Arsenal is "braced for a mass invasion" by thousands of "fanatical" Bundesliga side Cologne supporters. The German club has an allocation of 3,000 tickets for the Europa League opener at the Emirates Stadium on Thursday. But "there have been reports that as many as 20,000 are preparing to travel to London." Arsenal has "tried to close down opportunities for Germans to acquire tickets in the home end" (London DAILY MAIL, 9/12).
South African football execs agreed that a 2018 World Cup qualifying match against Senegal should be replayed "on ethical and moral grounds." FIFA ordered the replay after the referee for the original game, Joseph Lamptey, was banned for manipulating the match.
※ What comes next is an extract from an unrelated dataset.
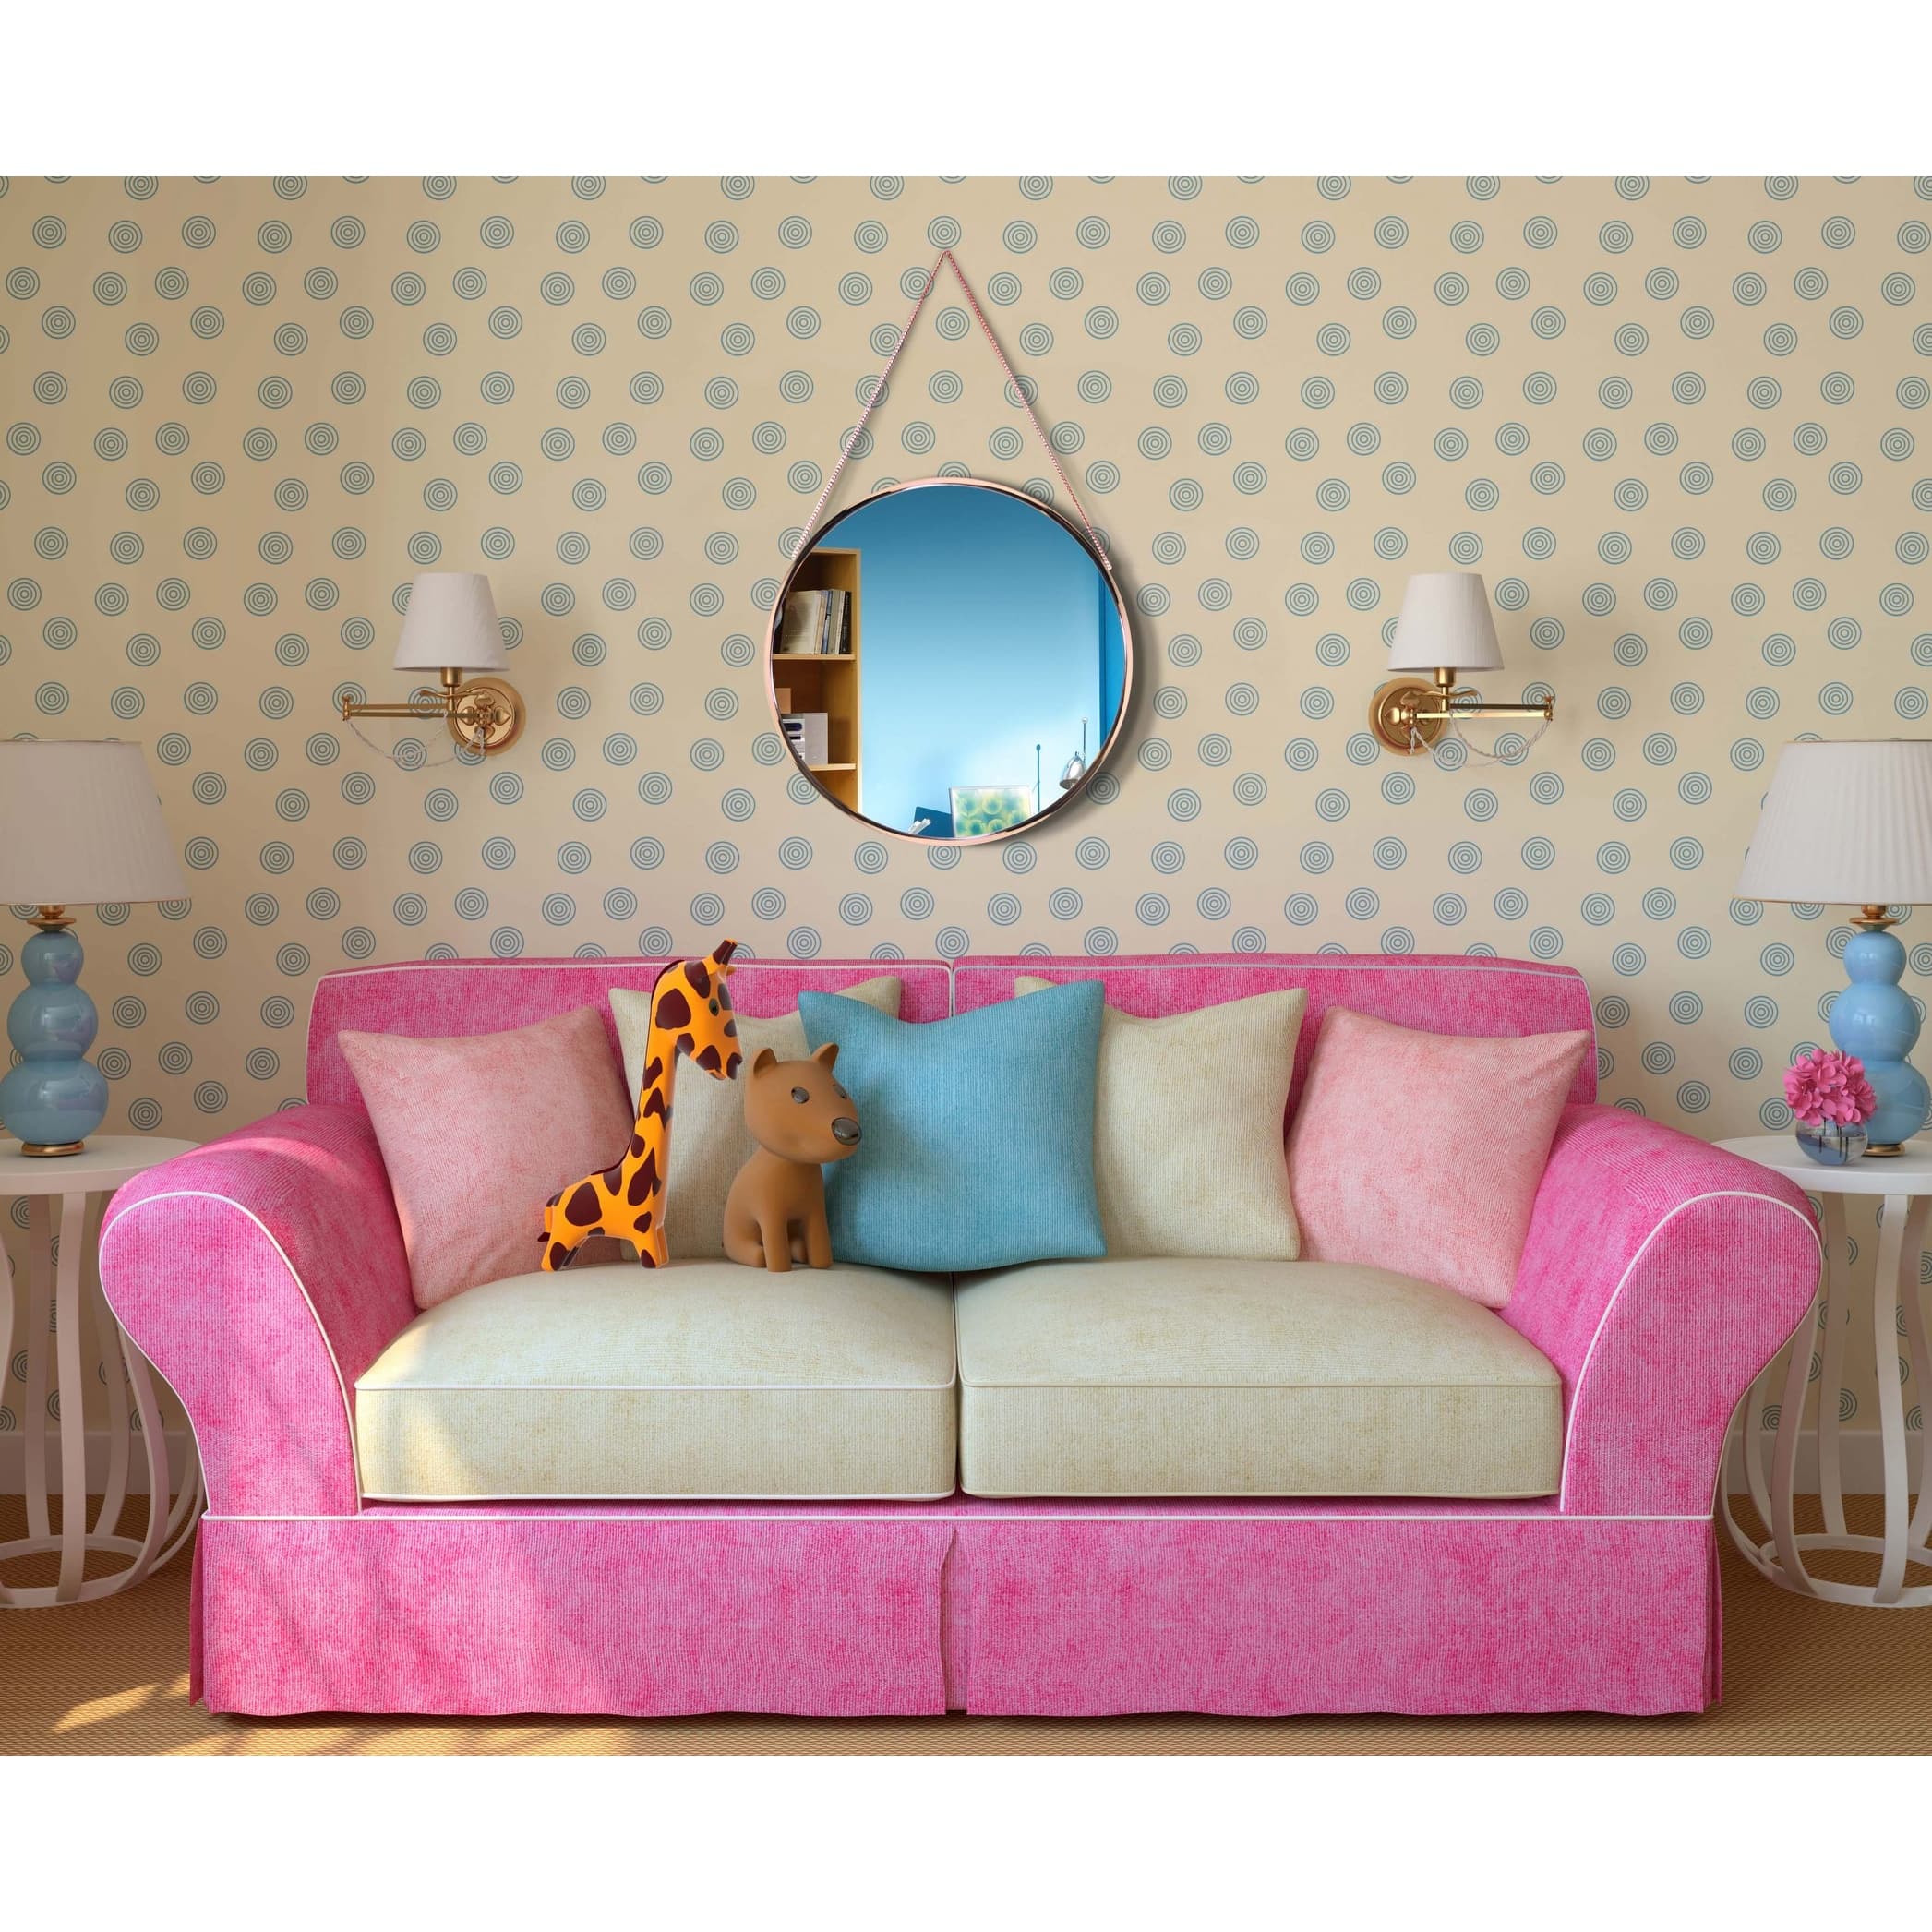 Carson Carrington Kabbo Pink Rose Gold Round Wall Mirror - 17.5 x 1.75 x 17.5

The South African FA "had been considering an appeal but now says it agrees" with FIFA (BBC, 9/12).
As Miguel Maduro, who was "axed as head of FIFA's governance committee last May during a purge of senior ethics watchdogs," prepared for his appearance before a British parliamentary committee on Tuesday, "it has come to light that both of FIFA's former ethics chiefs are also set to go public" to discuss their time at the organization and the "controversial circumstances of their removal." Maduro will be joined by Cornel Borbély and Hans-Joachim Eckert, the former heads of FIFA's ethics investigatory and adjudication bodies (INSIDE WORLD FOOTBALL, 9/12).
Tickets for the 2018 World Cup will go on sale on Thursday and will be sold in two phases, the first of which has an application period which runs from Sept. 14-Oct. 12. Fans can apply for individual match tickets, tickets for a specific venue or "ticket strips to follow the national team of their choice in this phase." The first phase then concludes with a period between Nov. 16 and Nov. 28 during which tickets "will be allocated on a first-come, first-served basis." The second phase has also been split. The first runs from Dec. 5-Jan. 31. From March 13 to April 3, tickets will be available on a first-come, first-served basis (REUTERS, 9/12).